▶ [Work task] Output the data below exactly as it is, dropping the pictures from your copy.

▶ [Data segment]
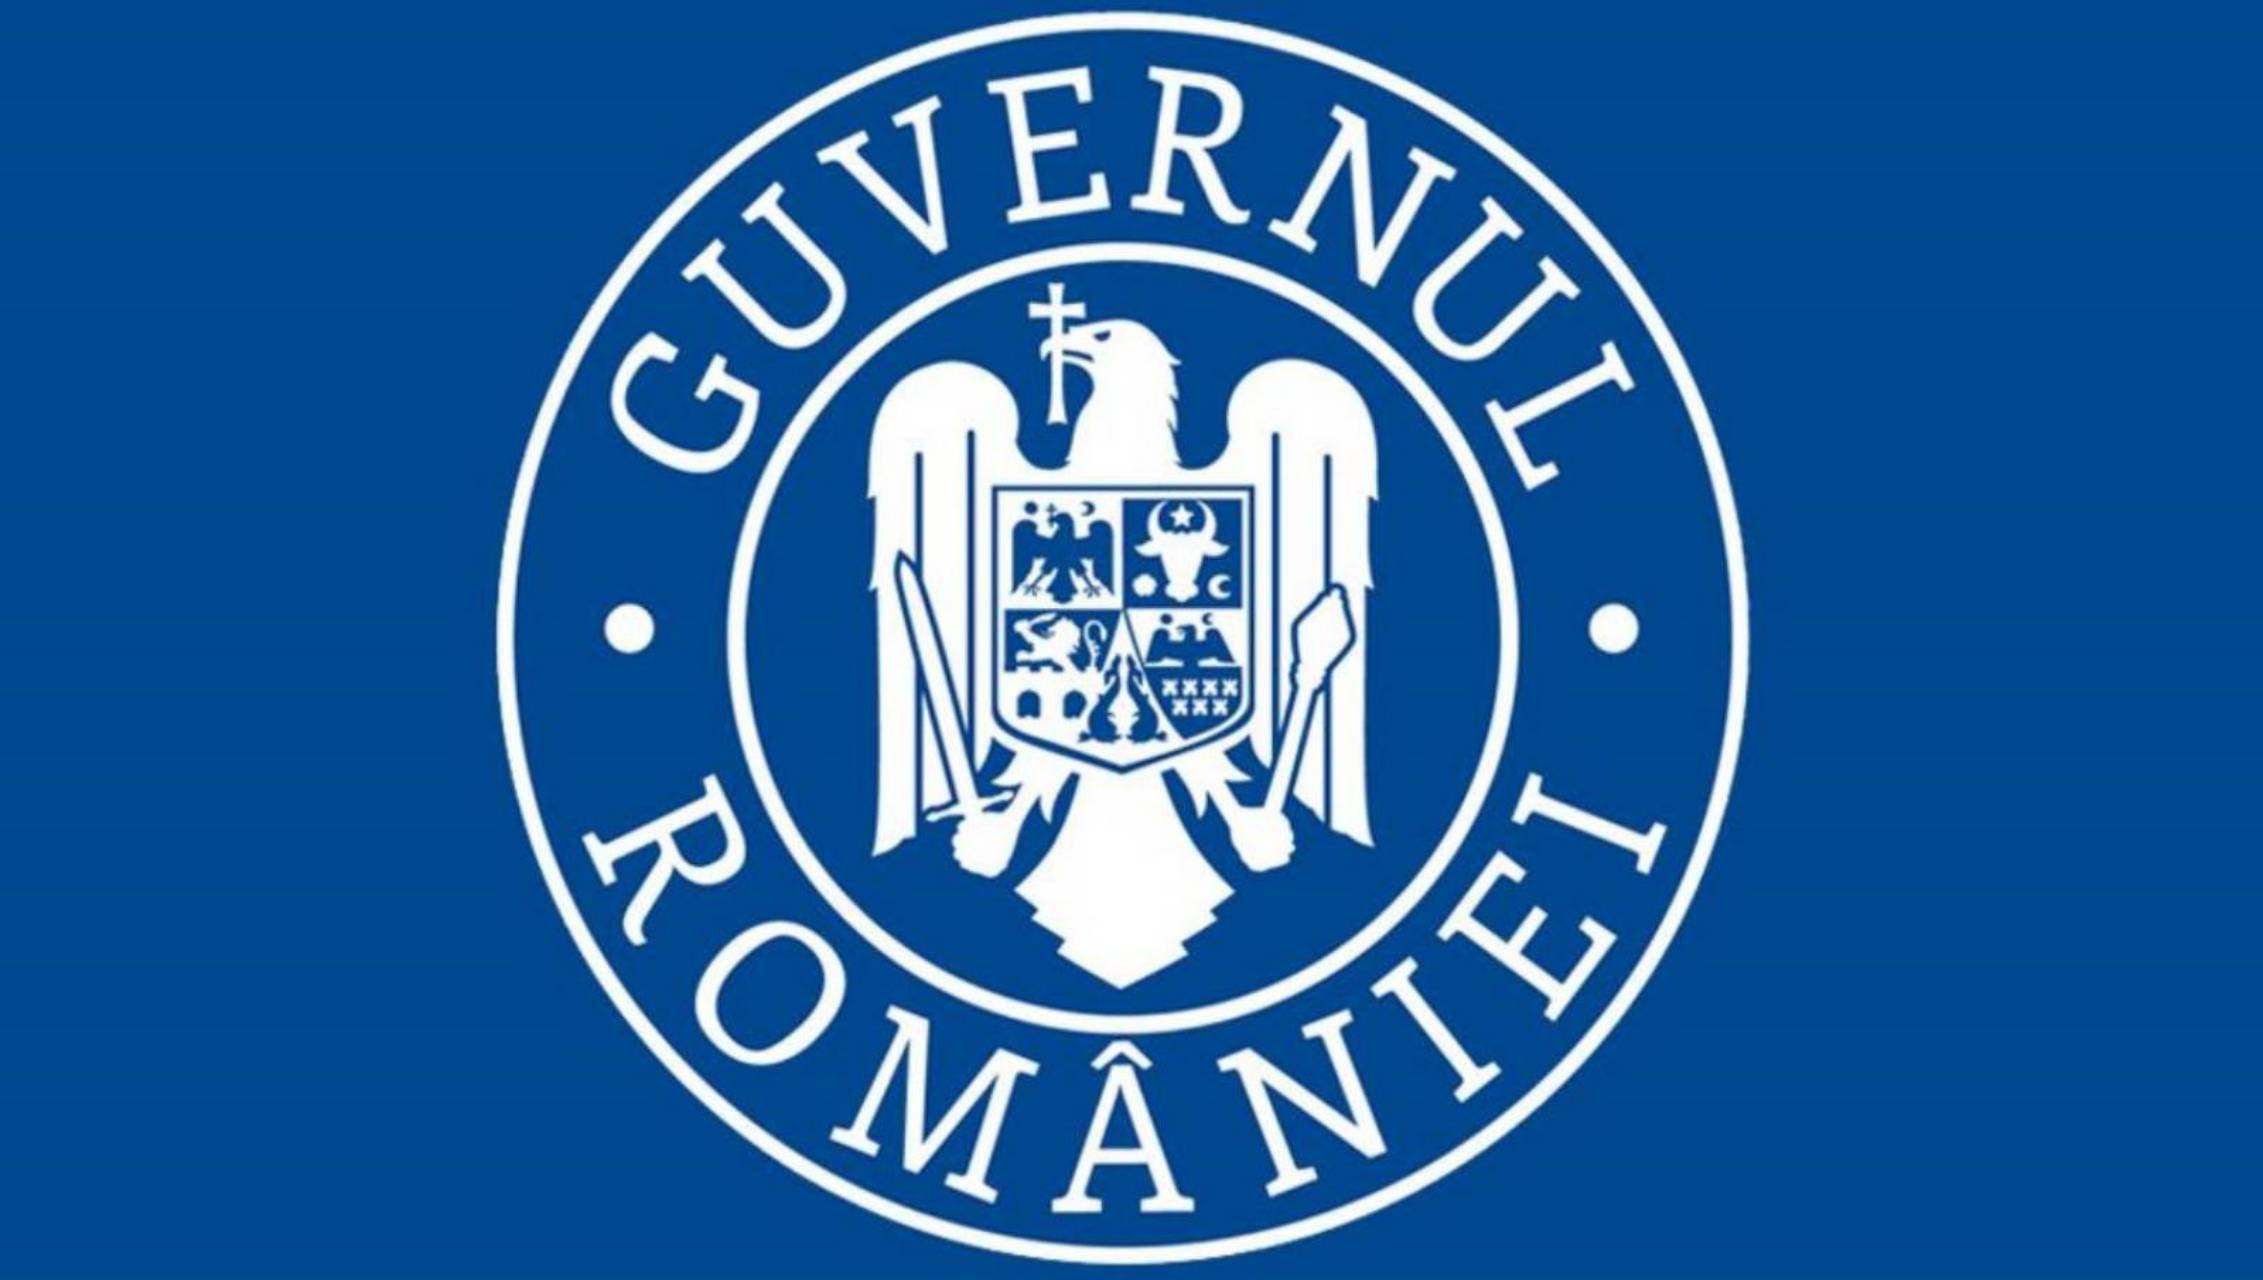 The Romanian government is warning Romanians
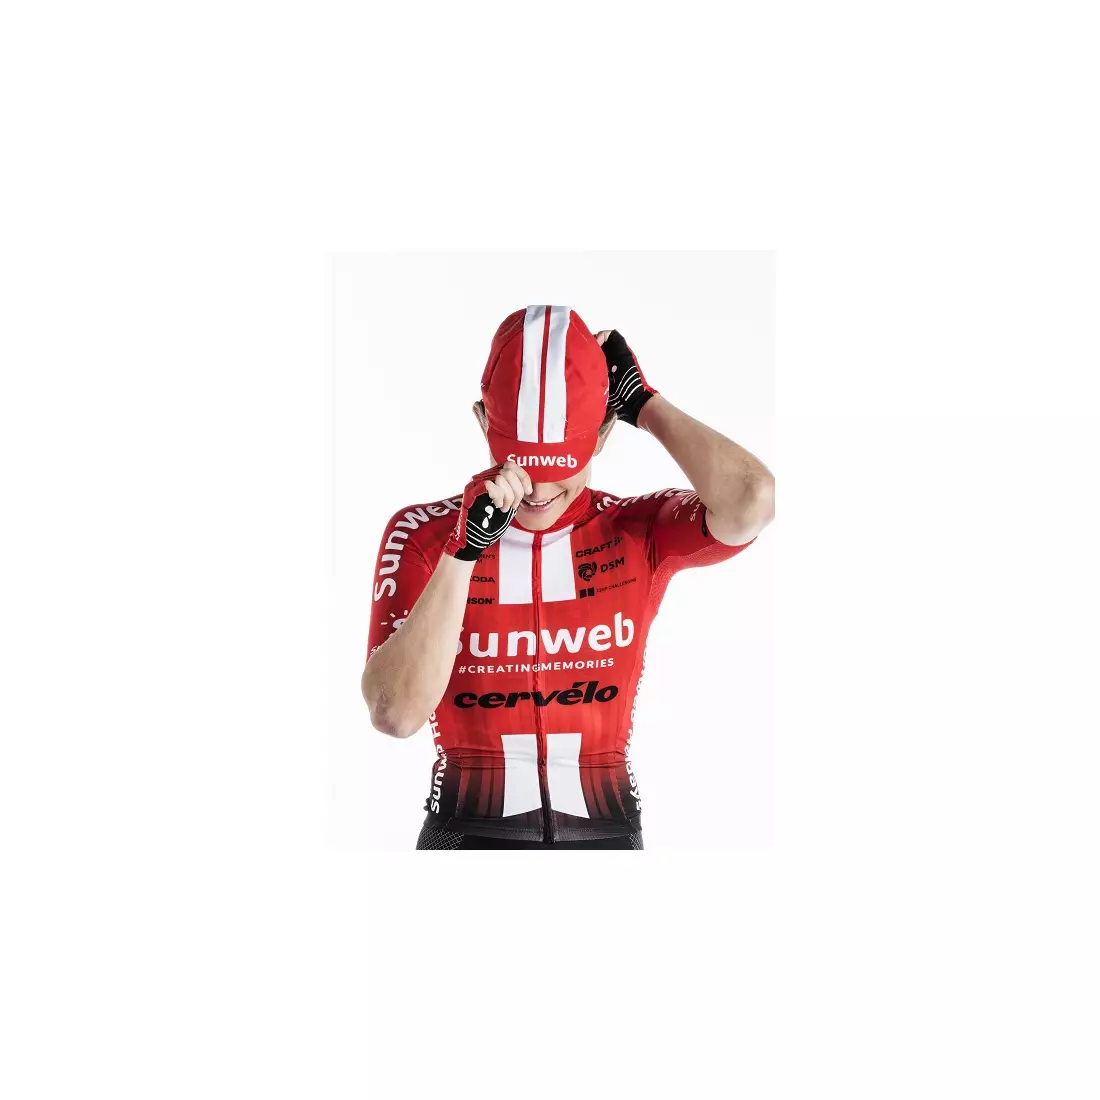 CRAFT cycling cap in team colors SUNWEB 2019 1908213-999900-ONE SIZE
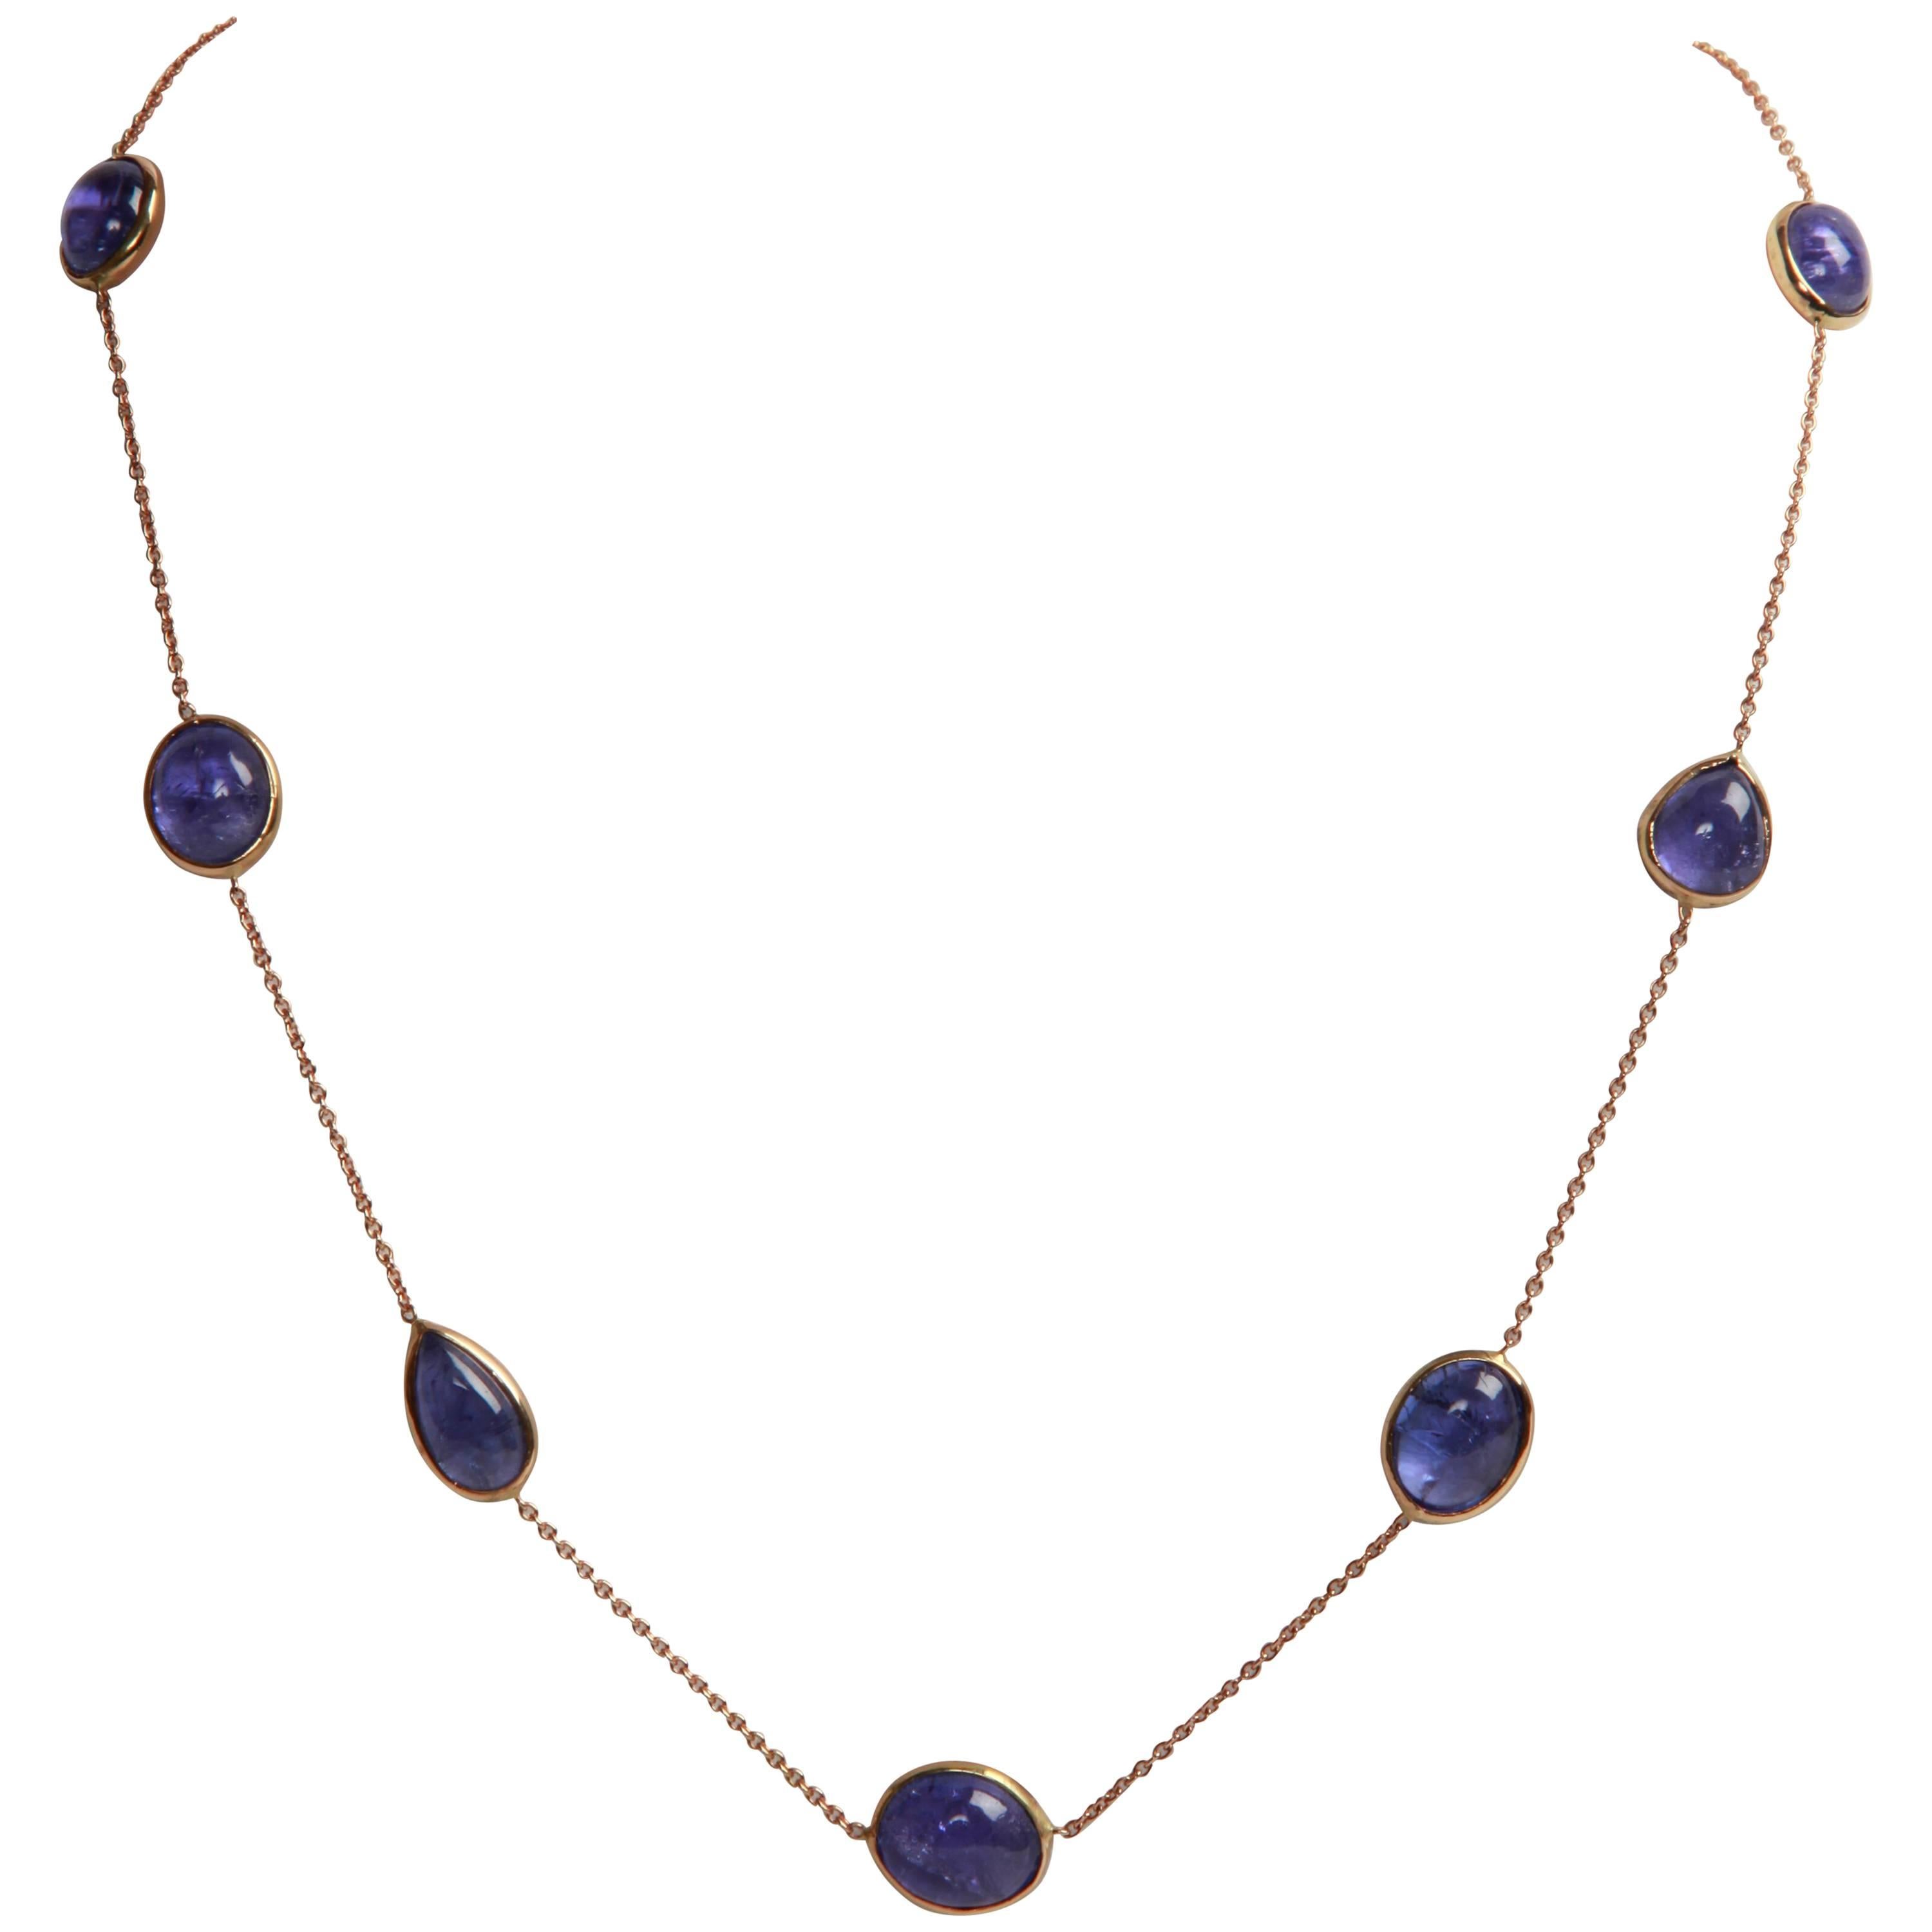  Tanzanite Cabochons and Gold Necklace by Marion Jeantet

▶ [Answer to the problem]
 The Romanian government is warning Romanians
 CRAFT cycling cap in team colors SUNWEB 2019 1908213-999900-ONE SIZE
  Tanzanite Cabochons and Gold Necklace by Marion Jeantet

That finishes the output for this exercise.